Комната — полуподвальное помещение; с улицы в неё ведёт несколько ступеней; выложенный каменной плиткой пол во многих местах потрескался. Створка входной двери состоит из двух частей, сейчас верхняя половина распахнута, и внутрь проникает чахлый свет только что вставшего октябрьского солнца; заглядывает солнце и в два маленьких окошка возле двери. Без солнца беда: обстановка подвала по-нищенски убога. На полу — ни ковра, ни даже тростниковой подстилки. Свежевыбеленные стены тоже голы — их украшают разве что пятна сырости. Из мебели кроме стола и двух стульев имеется только деревянный сундук, он стоит у противоположной от входа стены на двух грубо опиленных брусках. В камине, где на гвоздях развешаны две старые железные кастрюли и старинная жаровня, не так давно разводили огонь, но обложенная старыми кирпичами кучка углей в просторном камине жалкое зрелище: этот семифутовый очаг явно предназначался не для таких поленьев.
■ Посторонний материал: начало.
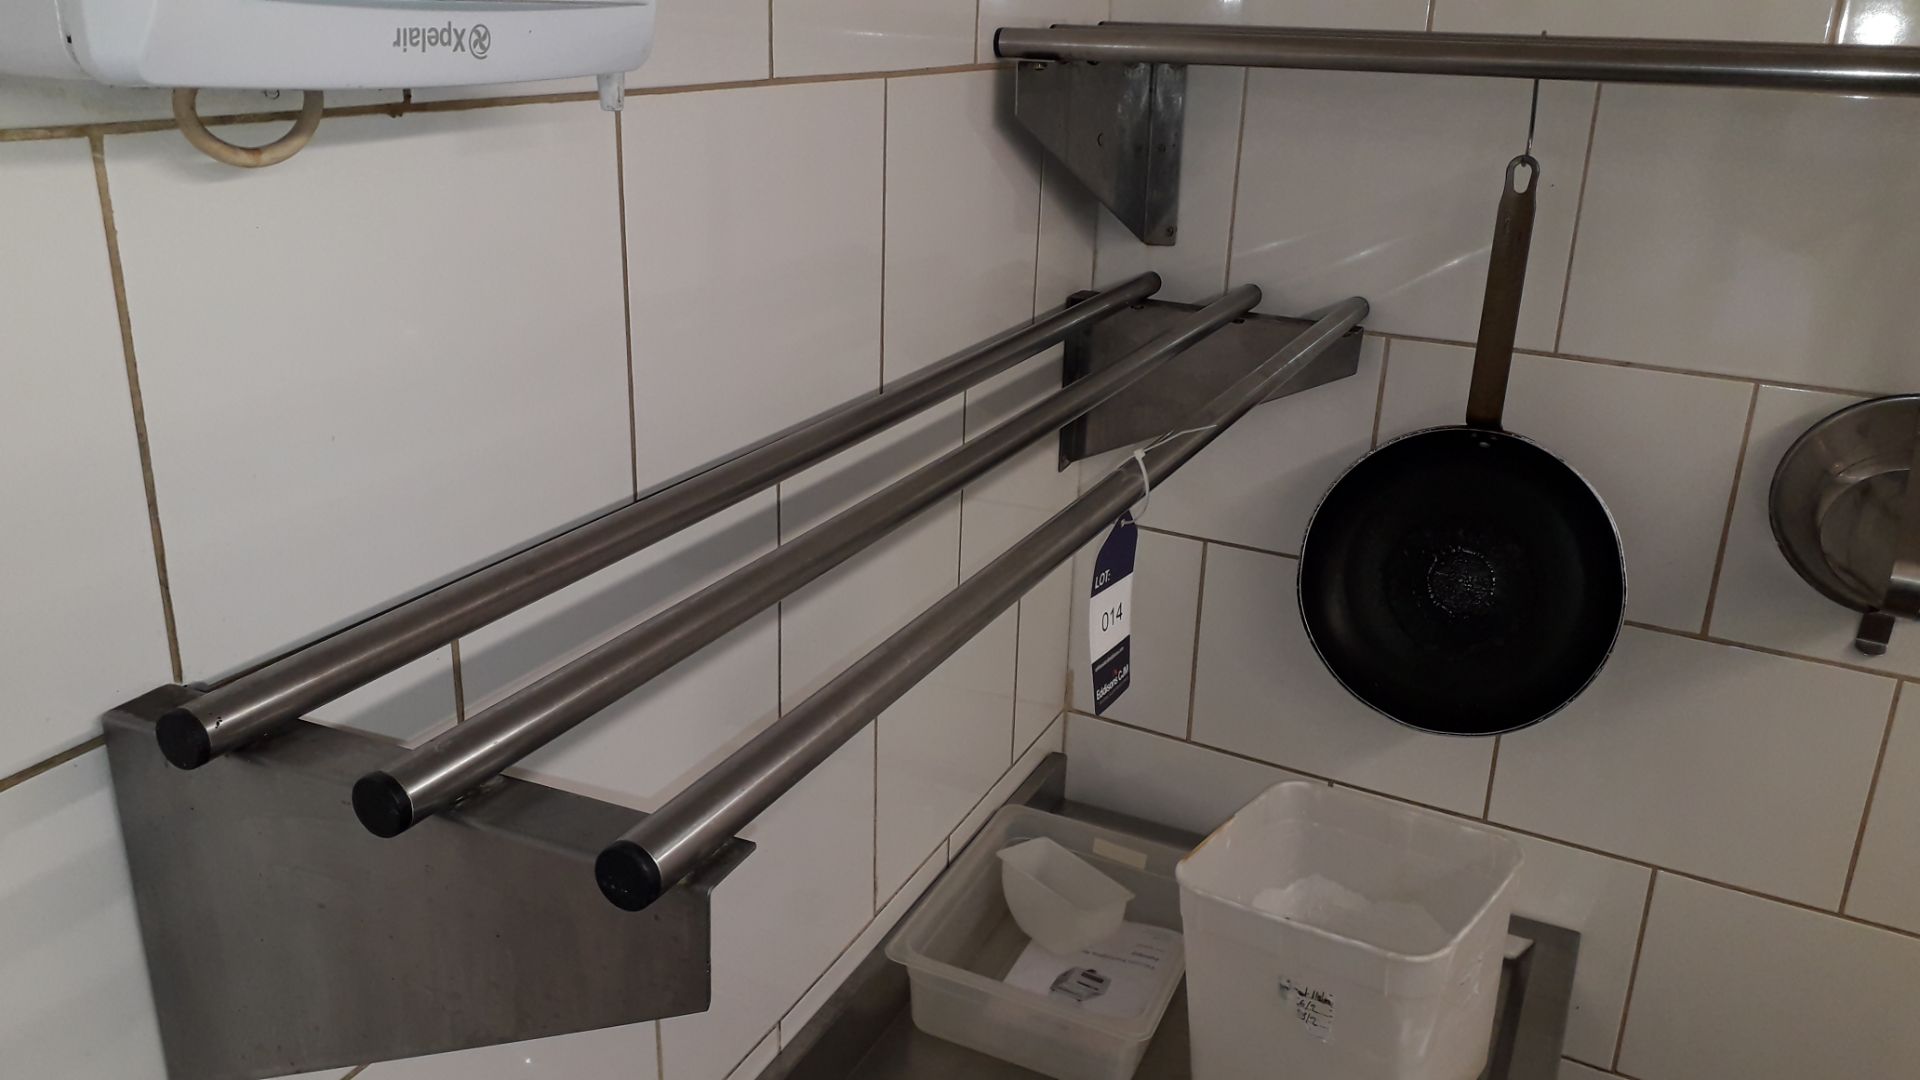 2 x Stainless Steel Wall Mounted Wide Piped Shelves 1200mm - Image 2 of 2

Рядом с сундуком — дверь в комнату поменьше. У этой двери вовсе нет створки. В дверной проём виден край кровати. В маленькой комнате без окон стоит сумрак. На полке, укреплённой на балке над камином, — кое-какие нужные в хозяйстве мелочи: железный подсвечник, два-три свечных огарка, квадратное зеркальце без рамы, коробочка с ветошным трутом, солонка. Вот и всё. Такой скудости не найти даже в монашеской келье.

Лишь два обстоятельства плохо вяжутся с этой нищенской обстановкой. Одно — внешнее: хотя потолок комнаты и не оштукатурен, он покоится на двух превосходных дубовых балках. Почти почерневшие от времени, они украшены тонкой продольной проточинкой, а концы их изгибом спускаются вниз и, сужаясь, заканчиваются на стенах. Можно подумать, что примерно за столетие до правления Якова I или Елизаветы у этого дома были более почтенные владельцы, раз уж даже те, для кого был отведён полуподвал, удостоились работать в помещении с такой изысканной отделкой. На самом же деле тут когда-то помещалась лавка торговца мужской одеждой и, придавая балкам столь благородный вид, хозяева радели только о покупателях.

Вторая необычная особенность обстановки — дух добропорядочности. В нашем представлении нищета связана с упадком и унынием, а те в свою очередь — с грязью и неустроенностью как в хозяйстве, так и в душе. Но эта бедная комната чиста, как нынешние операционные: ни соринки, ни паутинки, ни пятнышка не нарушает её безукоризненной опрятности. Всё вымыто, выметено, выскоблено, каждая вещь на своём месте — самый взыскательный боцманмат не придерётся. Точно её обитатели сказали себе: «Живём в нужде, так будем жить праведно». Эта же мысль была выражена в расхожем тогда изречении: «Что плоти во вред, то душе на благо». Праведность, однако, была не просто чистотой, лелеемой из чувства противоречия, но знаком духовного бодрствования, потаённой энергии, предвкушения перемен, нахождения всего существа в состоянии туго заведённой пружины. «Потерпим пока, будет и на нашей улице праздник». Чистота же сама по себе была не более чем удобопонятным символом, внешним выражением чистоты внутренней, неброской и суровой, подспудной готовности и муки принять, и воспылать воинственным духом. Недаром христиане — приверженцы благополучной господствующей церкви с подозрением косились на внешне скудную жизнь строгих и практичных сектантов-отщепенцев, так мы, бывает, сторонимся больных с явными признаками чахотки: нас пугает не их увядание, а то, чем оно грозит нашему «цветению».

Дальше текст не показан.